I am not a trained mycologist, and this site in no way offers expert opinion.  I won’t try to identify mushrooms via pictures. And I assume no liability for whatever someone may do with the information contained herein.

And I don’t take undue risks.  Mycotoxins can be very nasty – and no mushroom is worth damaging one’s organs permanently, no matter how delectable it may appear.

I try to identify almost every mushroom I see, with the exception of “little brown mushrooms” which are in astounding supply, and are invariably poisonous, at least, that’s what an odds-maker would say.

The species I eat are pretty unequivocal.  Giant puffballs, the hen of the woods, morels, oyster mushrooms  – these are easy to identify.  Sure, there are proxies for each that I want no part of eating.  However, I am meticulous, observant, rigorous and committed to not poisoning myself.

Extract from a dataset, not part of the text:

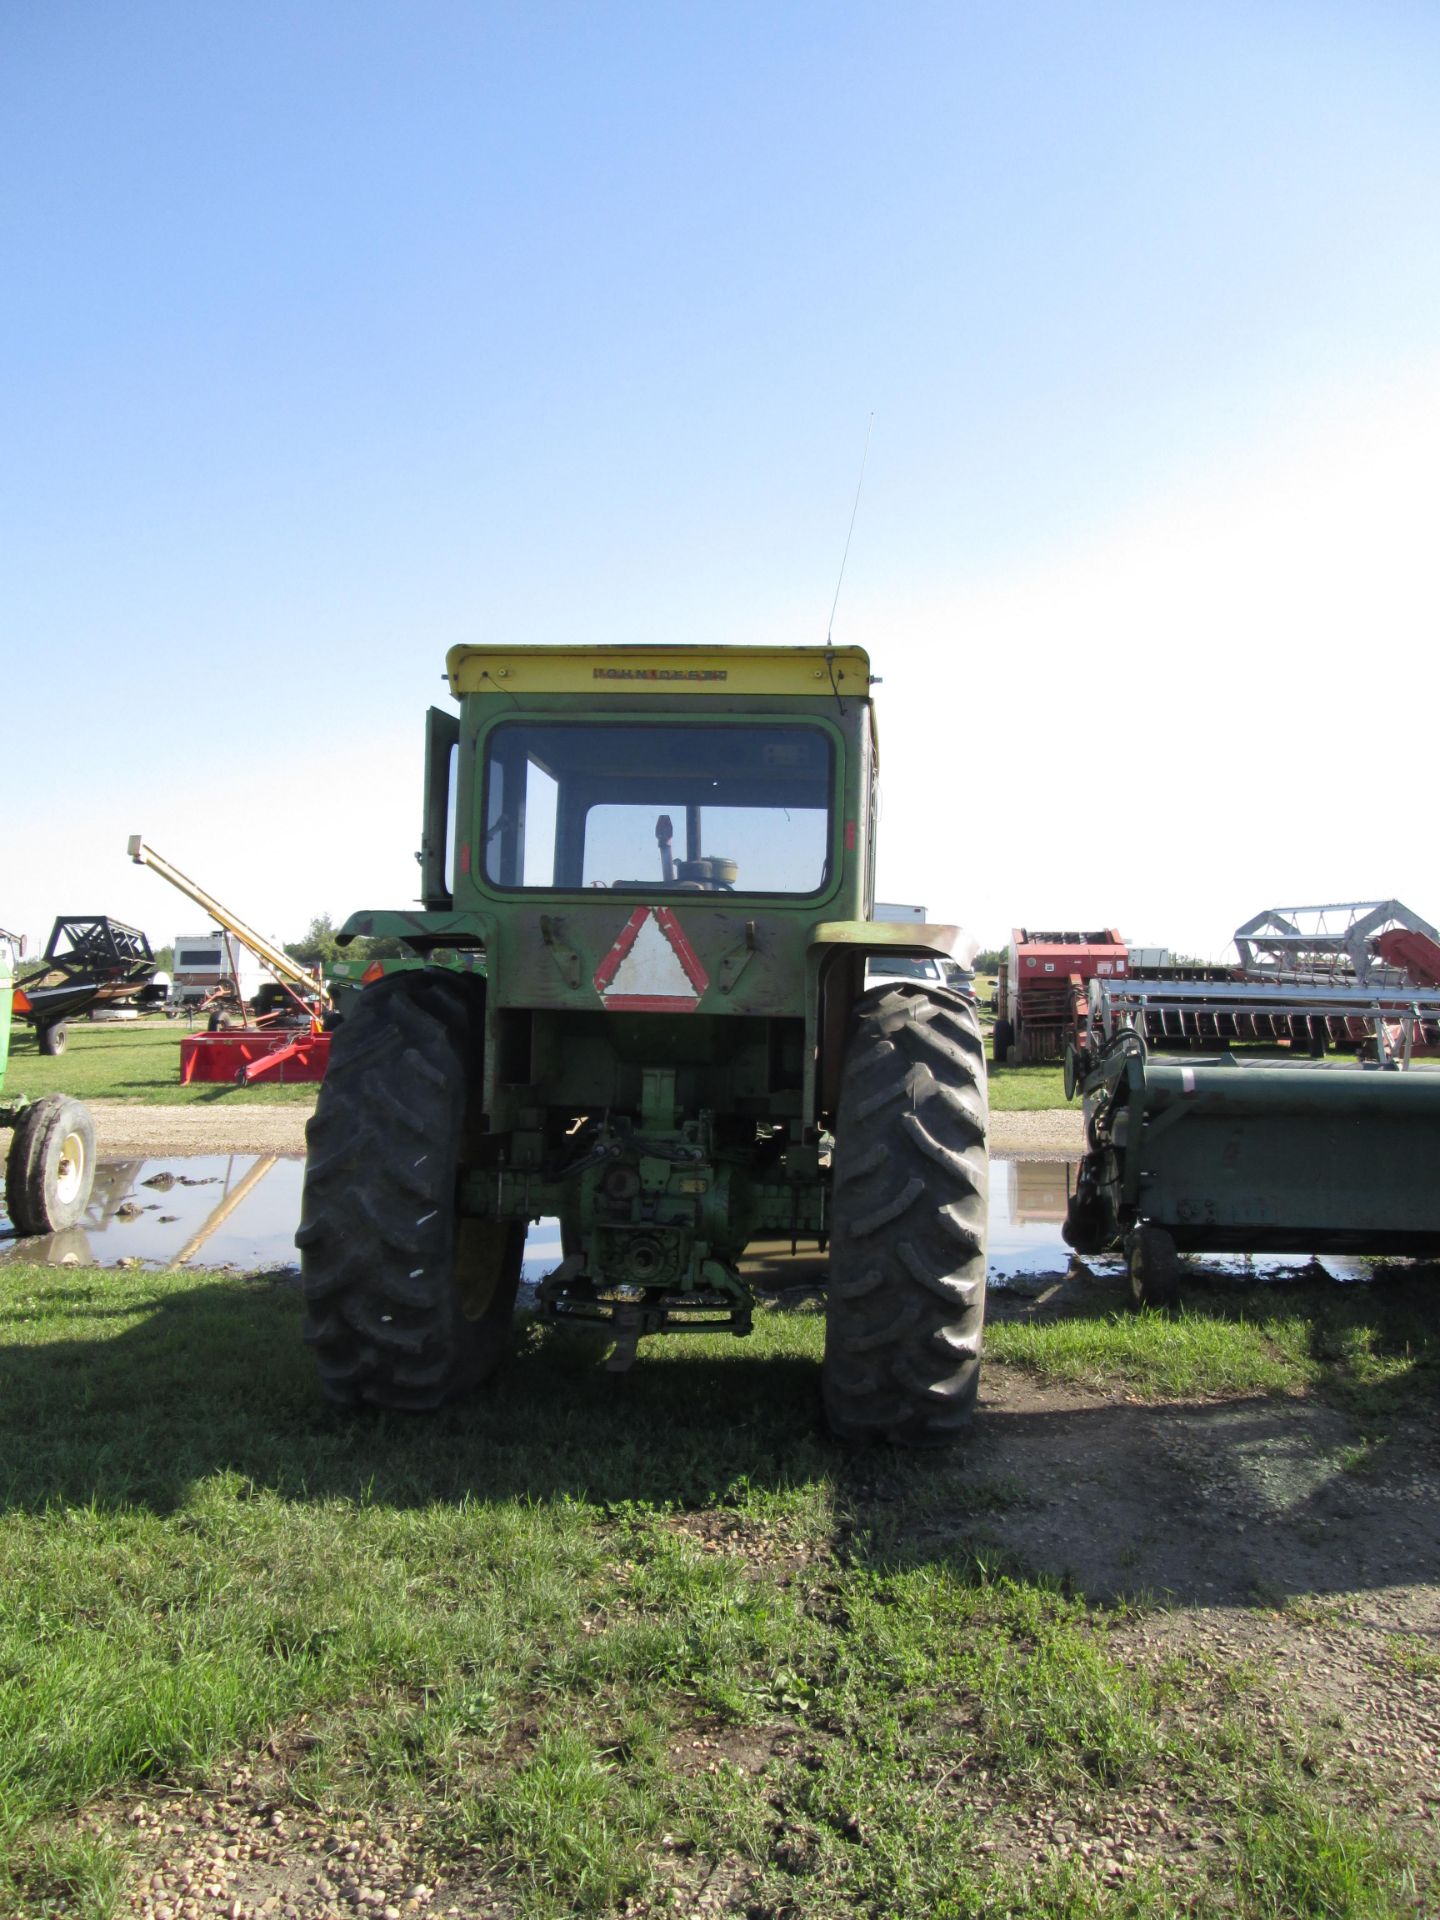 1964 JD 4020 TRACTOR C/W 46A LOADER & BUCKET - Image 3 of 3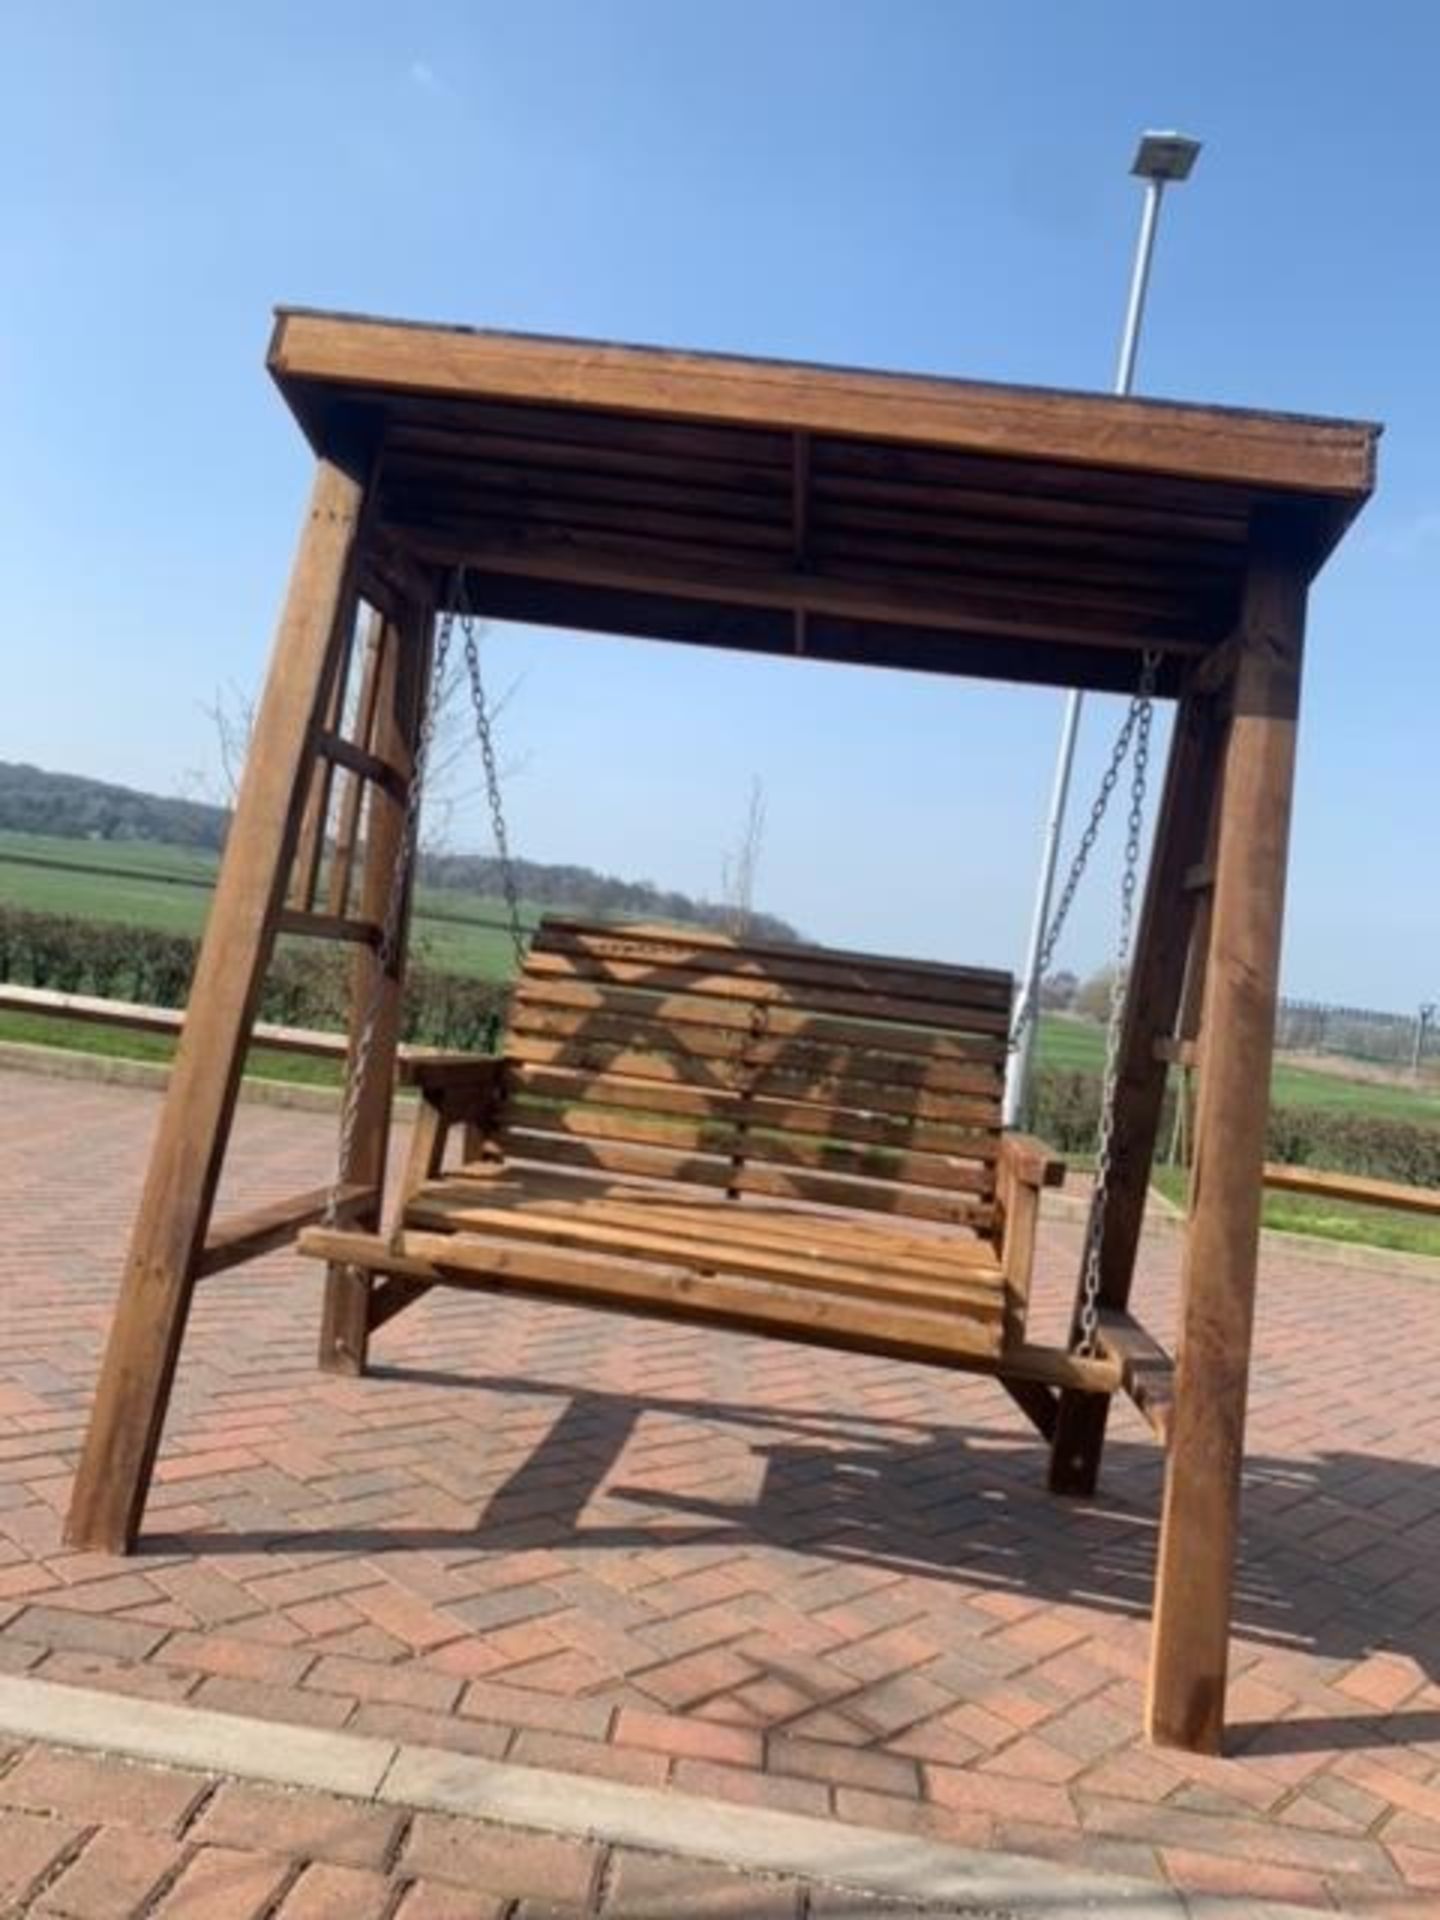 RW - BRAND NEW QUALITY Swing bench Handcrafted Garden Furniture. 2 Seater Swing bench *NO VAT* - Image 2 of 3

Sometimes, I do make an effort to identify (and eat!) a species with which I’m not familiar, most notably, the honey mushrooms I found last year.  I made spore prints, noted a host of physical characteristics, considered time of year, habitat, and recent rainfall.  Everything lined up.  There were no questions. I ate them.  They were delicious.

However, if there are ever any questions in my mind – if one identifier doesn’t line up, though everything else does – I won’t eat the mushroom. Period.  I’ll take pictures, and muse upon the mushroom’s identity, but I stop there.

I will probably never eat an American Parasol mushroom.  It’s tall, white and found in woodlands.  So is the aptly-named Destroying Angel.  I’ll look, I’ll be interested, but I’ll leave that one behind for someone else.

This site is merely my diary of my foraging expeditions.  You’re welcome to tramp along with me.

8 responses to “About

  1. I live in northern Il near Wisconsin and wondered if you would ever consider taking someone (me) out with you to teach some basics? I’ve been reading different blogs and it looks like so much fun!

  2. What’s your guess on the morel season this year? Friends (experienced ‘shroomers) & I (beginner) are registered for the annual morel hunt in Ottawa,IL the 1st weekend in May. We’re afraid the season will be over by then since we’ve had such a warm month!

    To Rosalia: I joined ILMYCO late last year. Looks like on occasion they may join up with the WI mushroom group for a foray near the IL-WI border. You may want to checkout the WI group as well.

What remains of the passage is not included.